JAKARTA – Anggota Komisi VI DPR, Firnando Hadityo Ganinduto meminta, pemerintah merespons cepat kebijakan Presiden Amerika Serikat (AS) Donald Trump terkait tarif impor timbal balik atau Reciprocal Tarrifs terhadap Indonesia senilai 32%.
Jika tak diantisipasi dengan cepat dapat pengaruhi bidang di negeri . “Pemerintah harus segera menciptakan sesuatu gebrakan melindungi sektor Indonesia yang dimaksud biasa di area ekspor. Apalagi Amerika merupakan tujuan utama ekspor selain China dan juga Jepang. Keadaan ini bukan dapat dibiarkan, tarif ekspor sebesar 32 persen terlalu memberatkan,” kata Firnando, Kamis (3/4/2025).
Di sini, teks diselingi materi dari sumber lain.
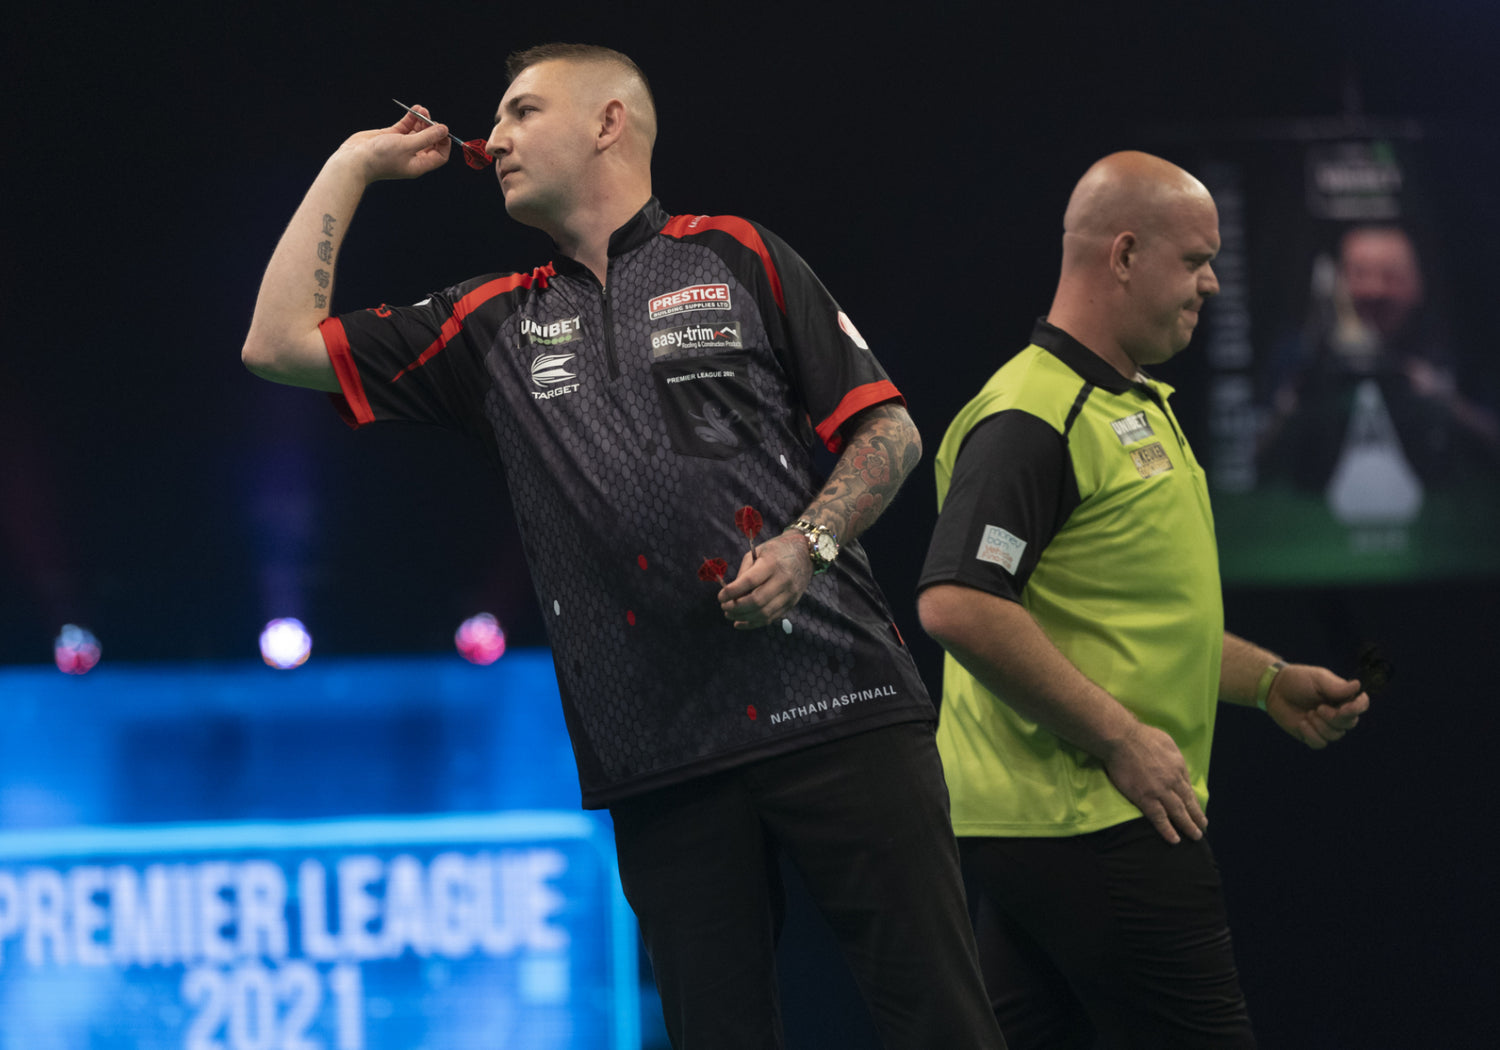 Aspinall hoping to continue 'childhood dream' against MvG

Industri yang mana dikhawatirkan salah satunya ialah garmen , akibat banyak yang mana gulung tikar serta kesulitan membayar pesangon. Penerapan kebijakan Negeri Paman Sam mengenai tarif perdagangan terbaru terhadap negara-negara mitra dagang utamanya akan menggangu ekspor lapangan usaha garmen dan juga jelas menyebabkan keadaan makin terpuruk.
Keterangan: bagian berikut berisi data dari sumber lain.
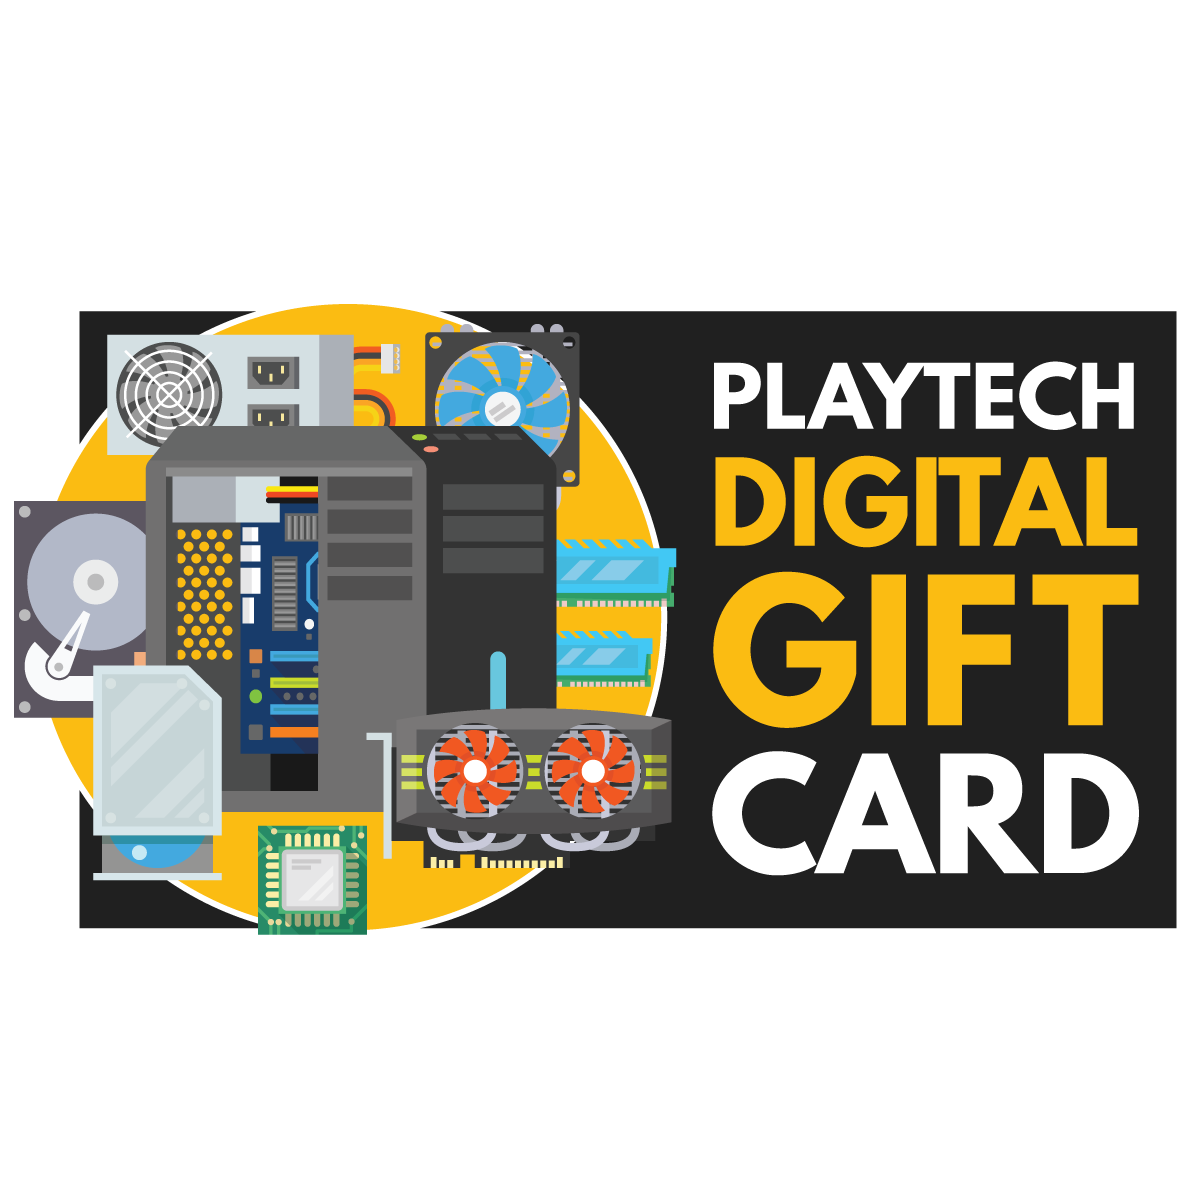 Playtech Gift Cards $50 - Digital Delivery Only - Playtech

“Dampaknya pasti besar, waktu itu saya pernah bilang dengan Menteri Perdagangan kalau tarif masuk ke Amerika itu tak boleh tinggi-tinggi, lantaran garmen kita lumayan banyak kirim ke sana,” ucap Firnando.
Di sisi lain, adanya penurunan ekspor dari 2023 ke 2024 berada di dalam kisaran 8%, menimbulkan Indonesia harus mampu untuk menggerek persentase ini untuk naik positif.
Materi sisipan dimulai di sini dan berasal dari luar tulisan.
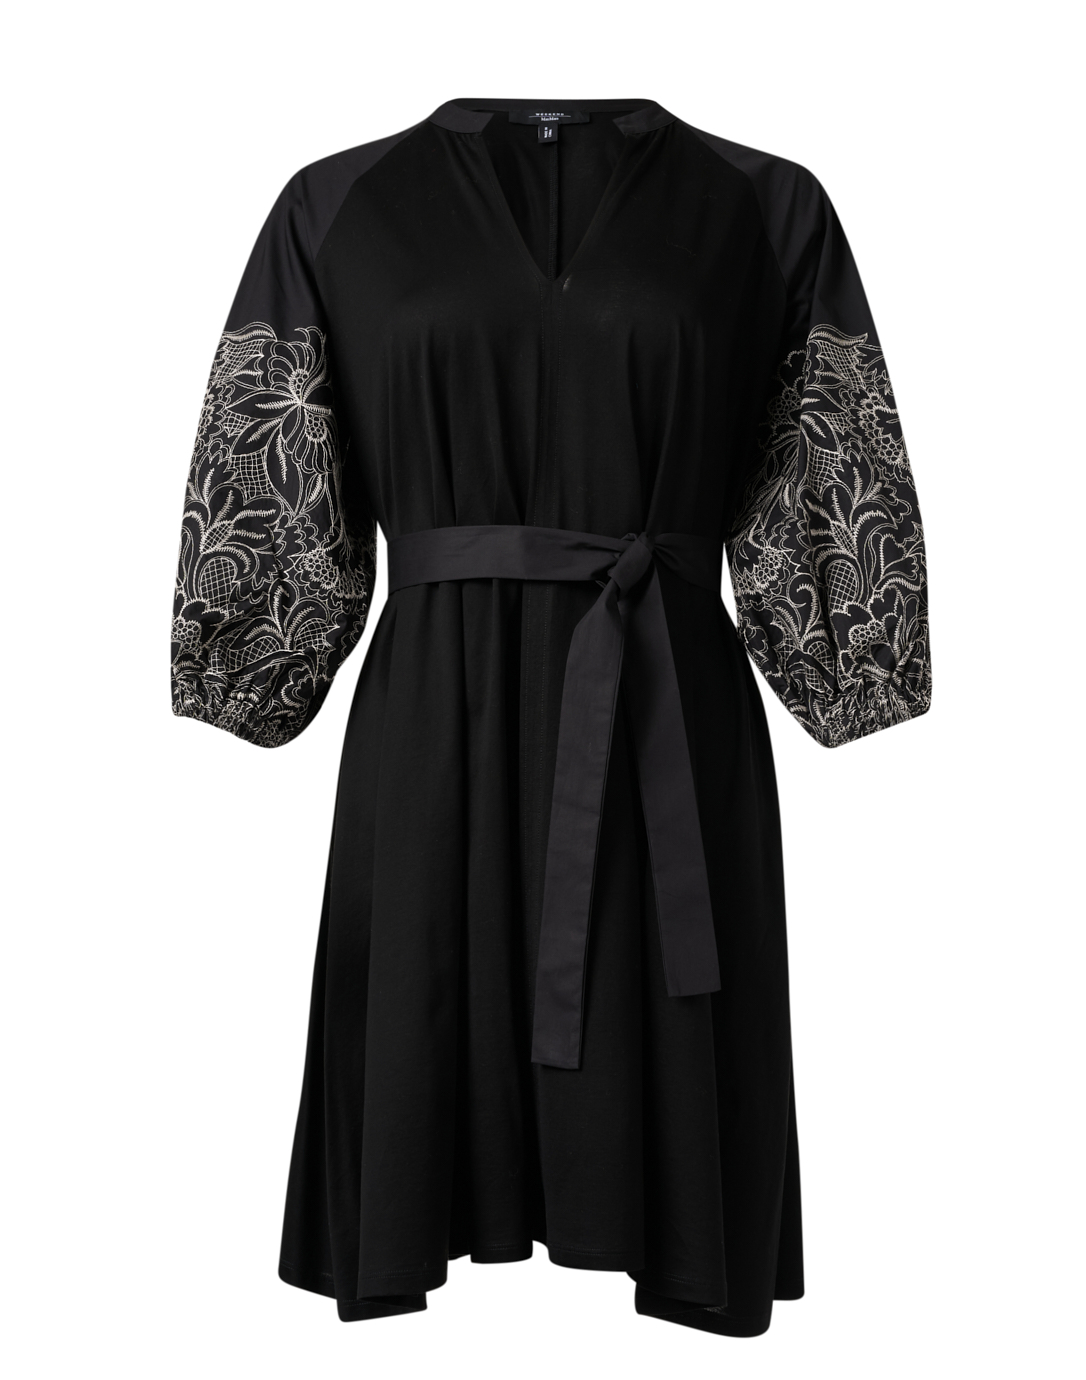 3/4 Sleeve Mara Concert Gown in Stretch Knit

“Jika pemerintah tidaklah berhasil menegosiasikan tarif impor timbal balik dengan Amerika Serikat, maka opsi lain tentunya mengawasi prospek untuk relokasi sektor ke negara lain yang tersebut tambahan aman,” jelas Firnando.
Harapannya pengiriman barang sektor ke Amerika Serikat tetap saja berjalan, tanpa ada gangguan yang serius. Mengingat kenaikan tarif impor sekecil apapun akan segera memukul produksi lapangan usaha pada negeri.
Populasi Amerika Serikat juga berada di tempat urutan ketiga terbesar dalam dunia. Sehingga bukanlah belaka jumlah keseluruhan lingkungan ekonomi yang mana besar, tetapi juga daya belinya yang mana tinggi sehingga menjadi pangsa pangsa yang tersebut tidaklah semestinya ditinggalkan.
“Indonesia harus mampu merawat hubungan eskpor ke Amerika dengan lebih banyak baik supaya sanggup terus berjalan bahkan lebih besar tinggi lagi volumenya. Karena 1-2 persen semata telah sangat berarti sekali untuk pelaku bisnis ekspor,” tutup Firnando.